Старуха проснулась и рассказала сон мужу. Тот подивился, но вместе с ней стал послушно исполнять то, что было внушено.
Прошло еще около двух месяцев. Жена Гао свирепствовала по-прежнему. Кроме того, она теперь стала как-то особенно неистовствовать и сходить с ума. Услышит на улице военный барабан – бежит сейчас же в чем попало, со взъерошенными волосами, и, глупо уставясь, вытягивает шею и глазеет. Хоть тысяча человек тут будь и указывай на нее пальцами, не обратит внимания. Старики, родители сына, краснели за нее, но запретить ей не могли и должны были ограничиться безмолвным порицанием.
Вдруг однажды является в село старик-хэшан, останавливается у ворот Гао и начинает проповедовать о воздаяниях за дела прежней жизни. Слушатели стояли стеной вокруг него. Хэшан стал дуть в кожу на барабане, подражая мычанию коровы, и вдруг жена Гао выбежала из ворот.
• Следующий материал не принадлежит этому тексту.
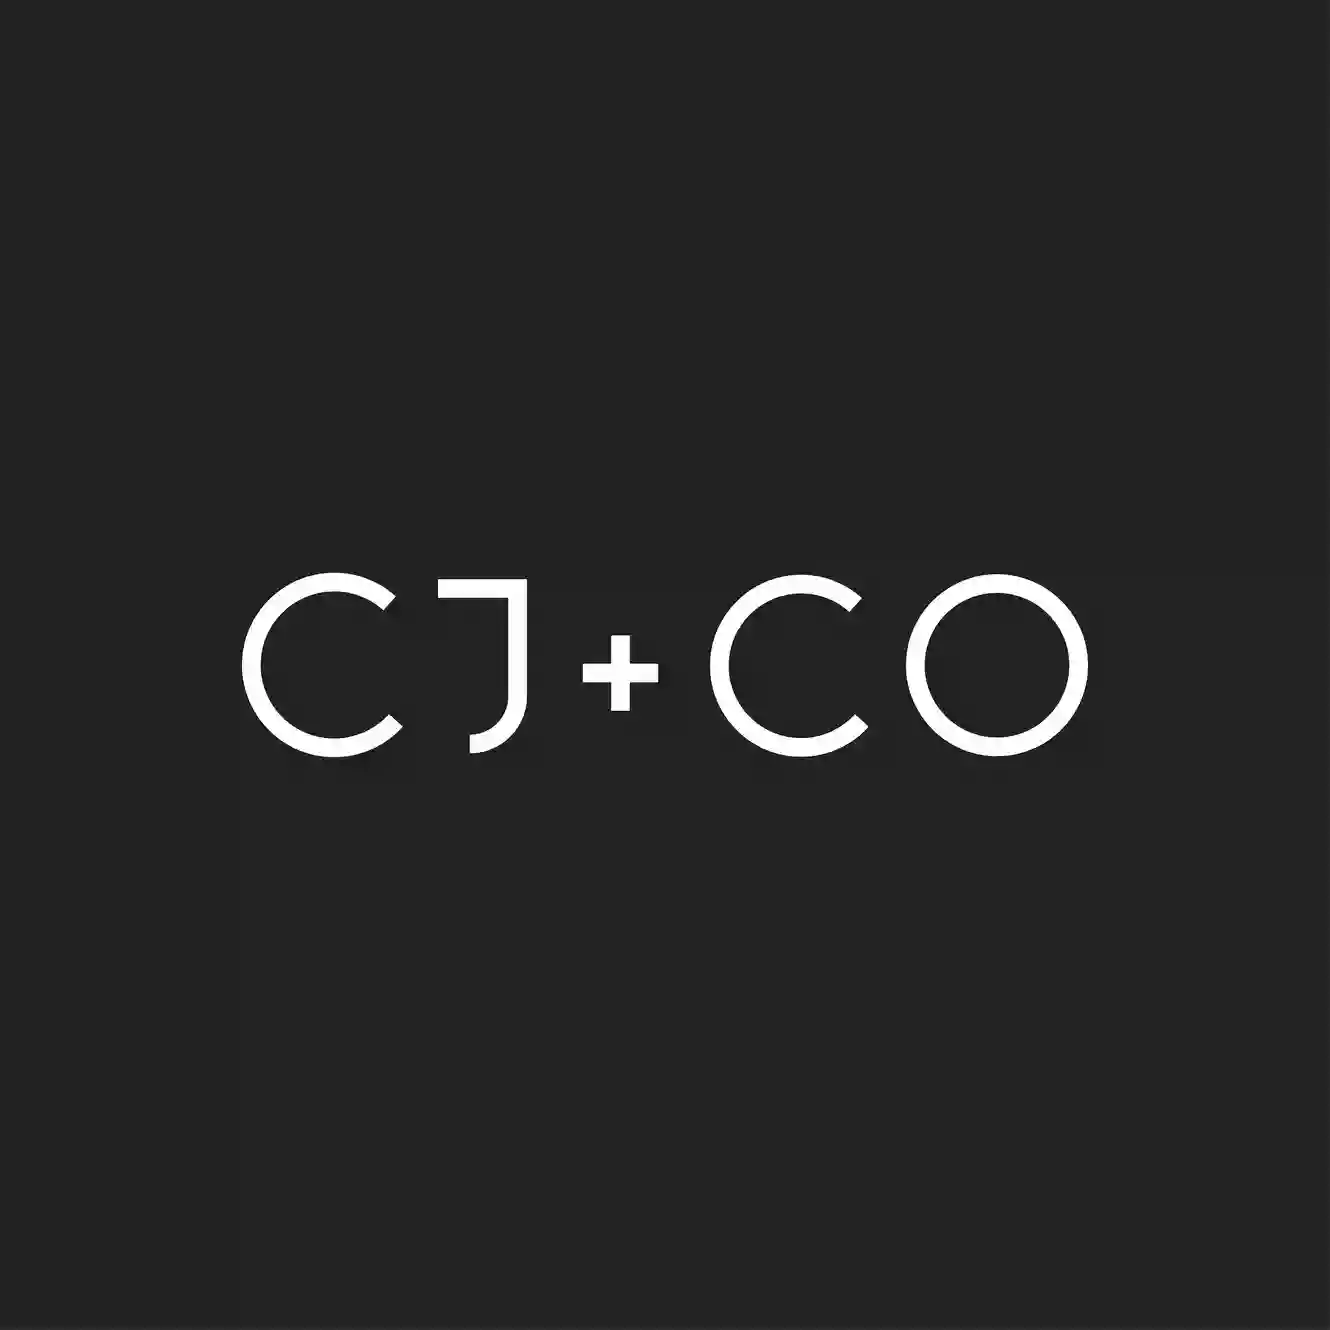 CJ + CO - Christopher John + Co

Видя, что людей так много, что нет возможности взглянуть через толпу, она велела служанке принести из дома диван, влезла на него и стала смотреть. Все глаза уставились на нее, но она делала вид, что не замечает.
Монах, кончив проповедь, попросил чашку чистой воды и, взяв ее в руку, обратился к жене Гао со словами:
– Не злись, не злись! Прежняя твоя жизнь – не ложь. Нынешняя твоя жизнь – не истина. Брысь! Мышь, мышь, спрячь голову, беги! Смотри, чтоб не погнался кот!
Проговорив все это, он набрал в рот воды и прыснул прямо ей в лицо. Румяна и белила так и потекли вниз, запачкав всю одежду.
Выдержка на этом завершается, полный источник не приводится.